さらば愛しき大久保町

さらば愛しき大久保町 (ハヤカワ文庫 JA タ 9-5)

さらば愛しき大久保町 (ハヤカワ文庫 JA タ 9-5)

 ハヤカワ文庫版大久保町三部作遂に完結。
 と言っても、それぞれ世界観からして独立した作品なので、どれから読んでも構わなかったりしますが。

 今回は主人公が強いのに理由があったり、ヒロインの王女様までかなり抜けてたり、河合茂平がそんなに抜けてなかったりで、三部作の中では一番筋立っていたものの――その分、田中哲弥としての面白みは少なかったように思える。いや、他の二作品と比べてという話なので、面白いことに変わりはないのだけど。

 田中哲弥の何がそこまで面白いのか、と問われても答えに窮する。肩の力が抜けたような独特の語りが魅力なのは確かだが、それだけではないはず。『秒速五センチメートル』みたいに、体験できなかった甘酸っぱい青春の肩代わり論法は論外にしておきたいところ。
 つまるところ、もっと新作を書いてくれないとわからんので、ぜひぜひ仕事をしてください。
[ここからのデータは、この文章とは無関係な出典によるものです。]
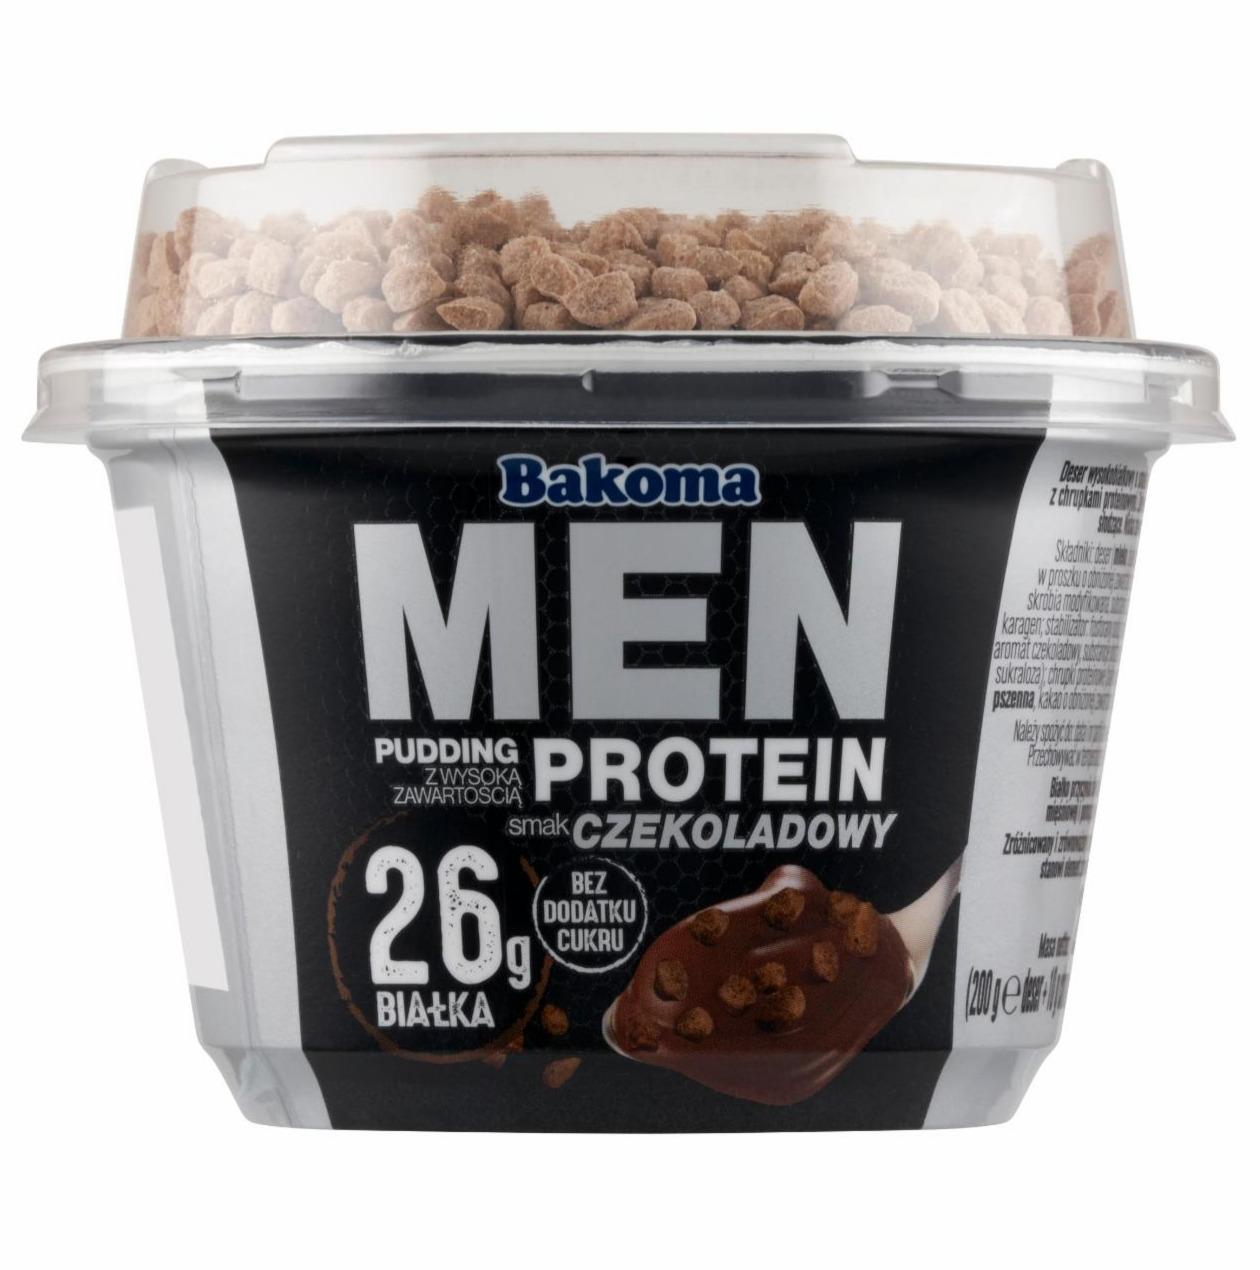 Zdjęcia - Pudding z wysoką zawartością protein smak czekoladowy Bakoma Men
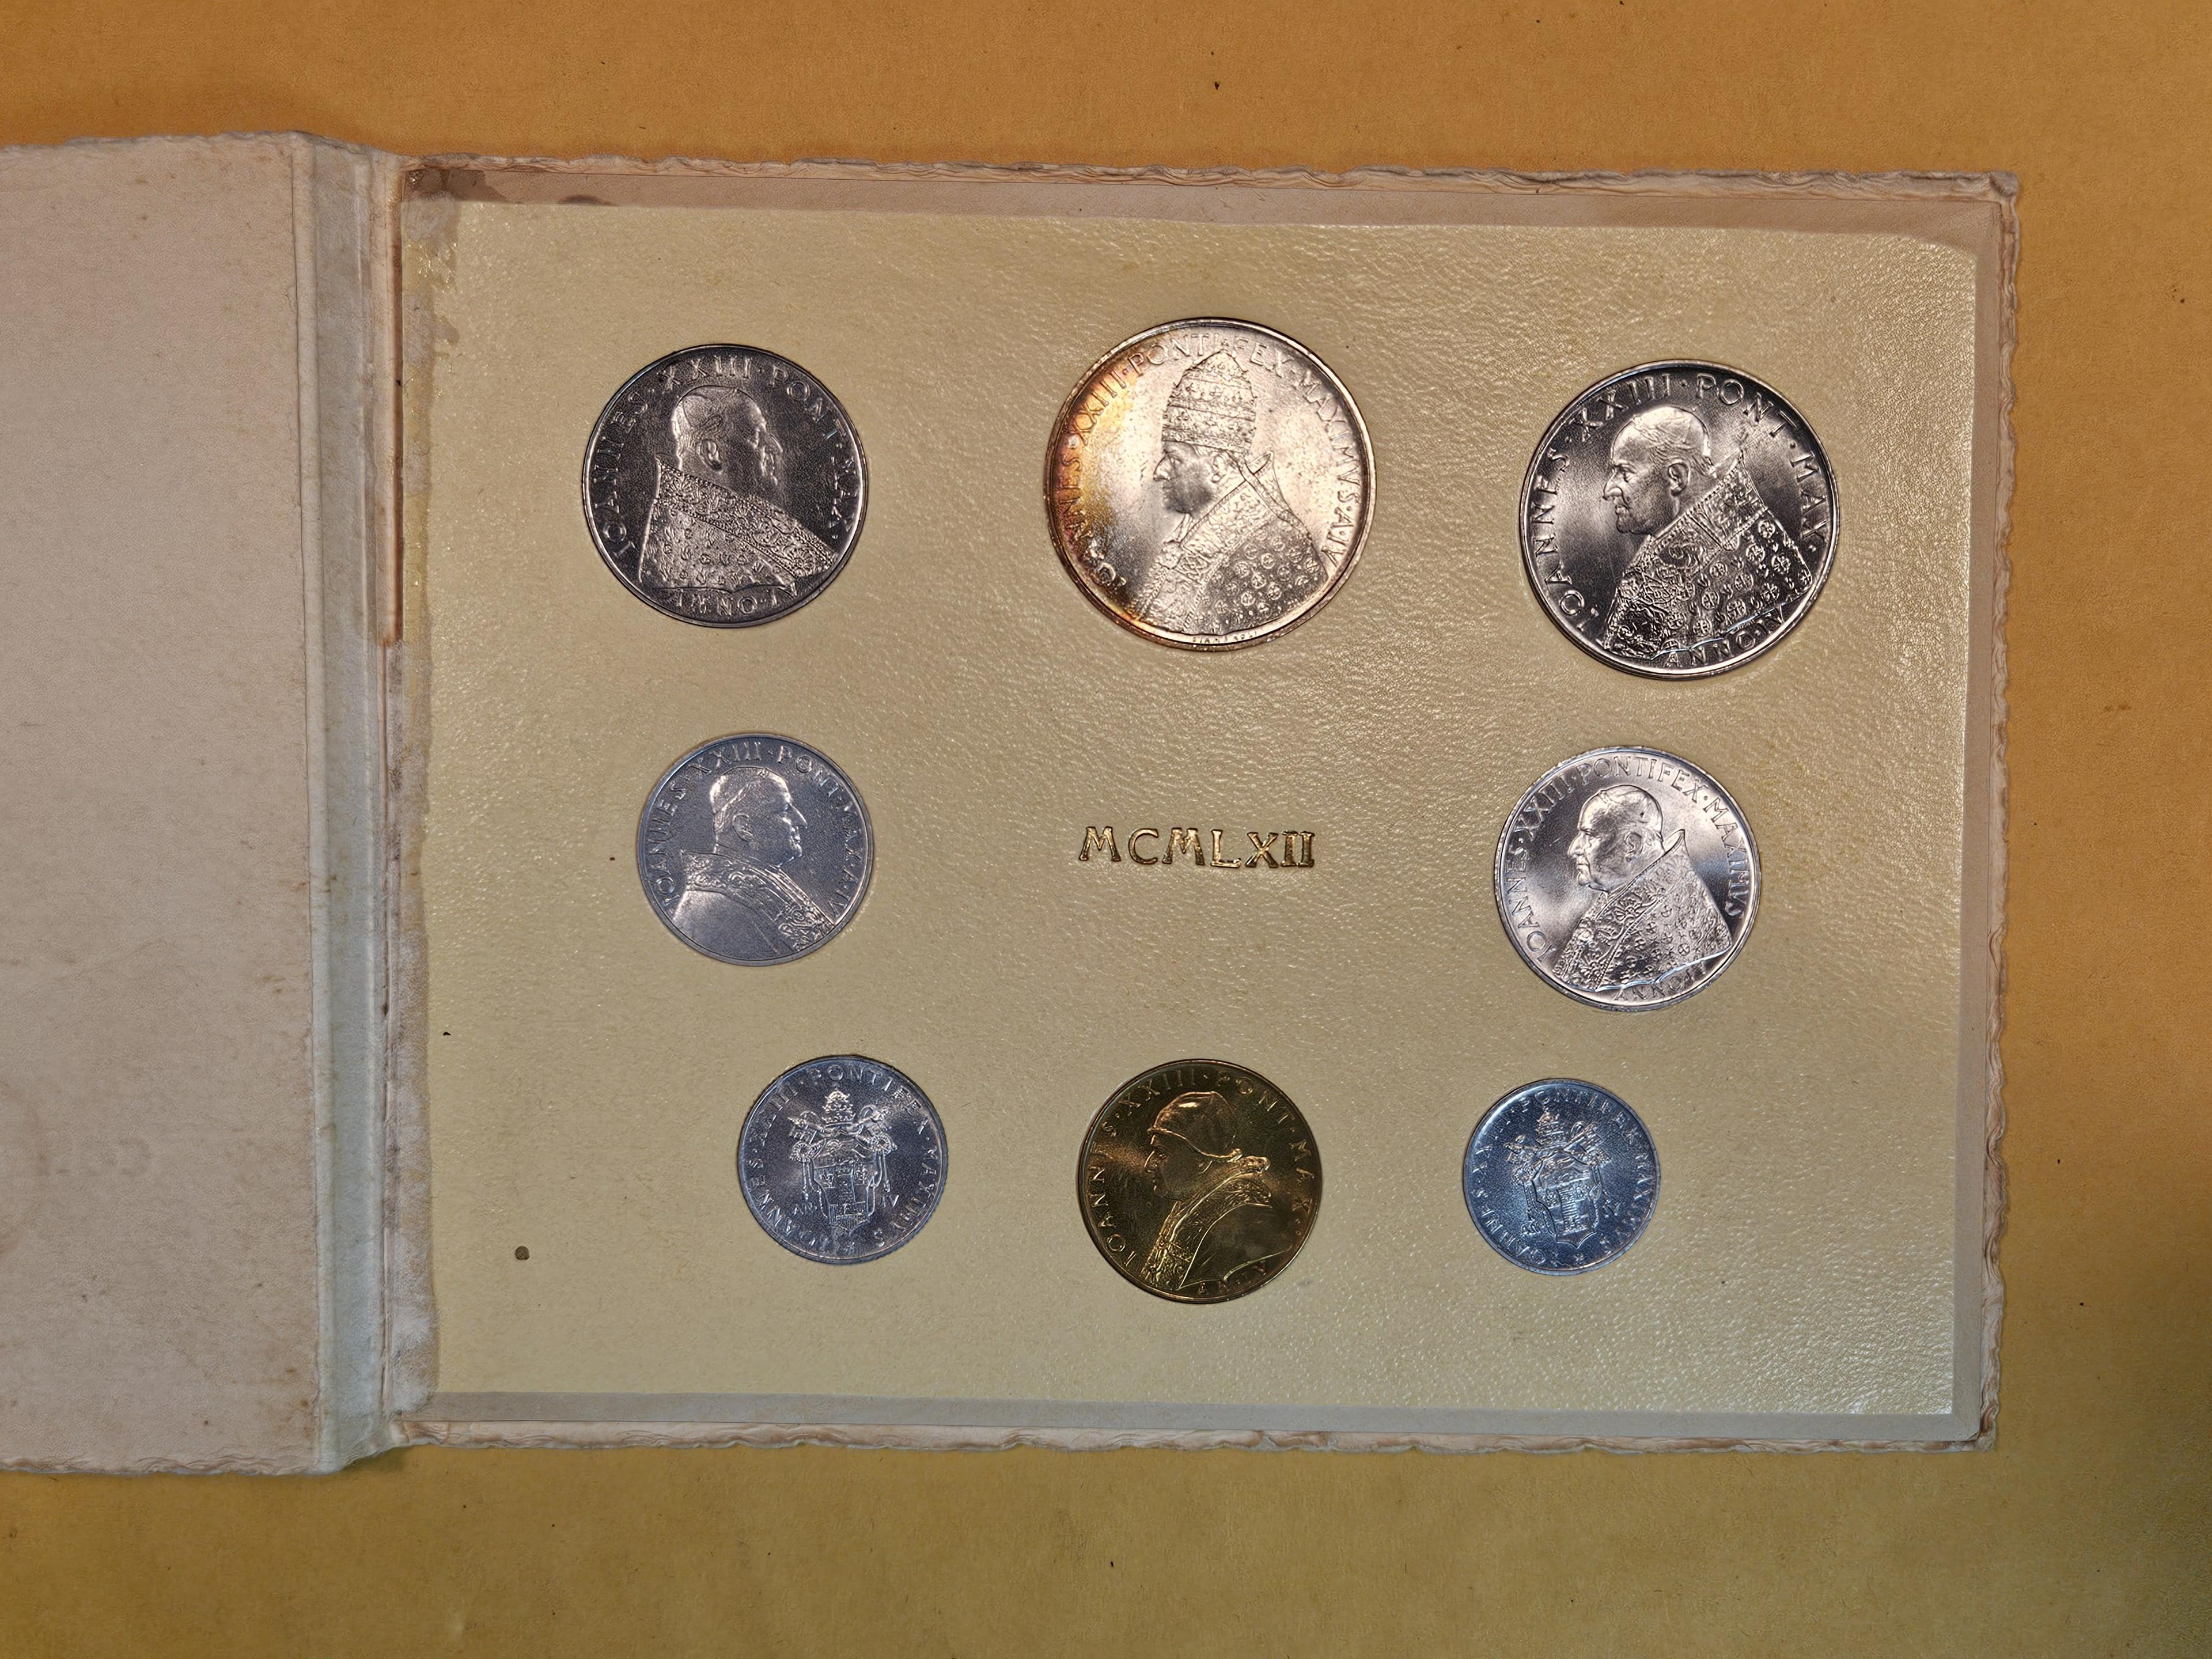 GEM Brilliant Uncirculated 1962 Vatican silver coin Set

 そういえば、この三部作で注目すべき点がもう一つある。帯や目次、登場人物紹介がDVDを模したような体裁をしているのだ。なにせ、コレクターズ・エディションらしいから。
 特典映像ならぬ特典解説もついてたりで、中身のこだわりはなかなか面白い。ここまでやるなら、カバーがトールケースを模すところまで期待をしたいところだけど、さすがに予算とかフォーマットとかがあったんだろうなあ。残念。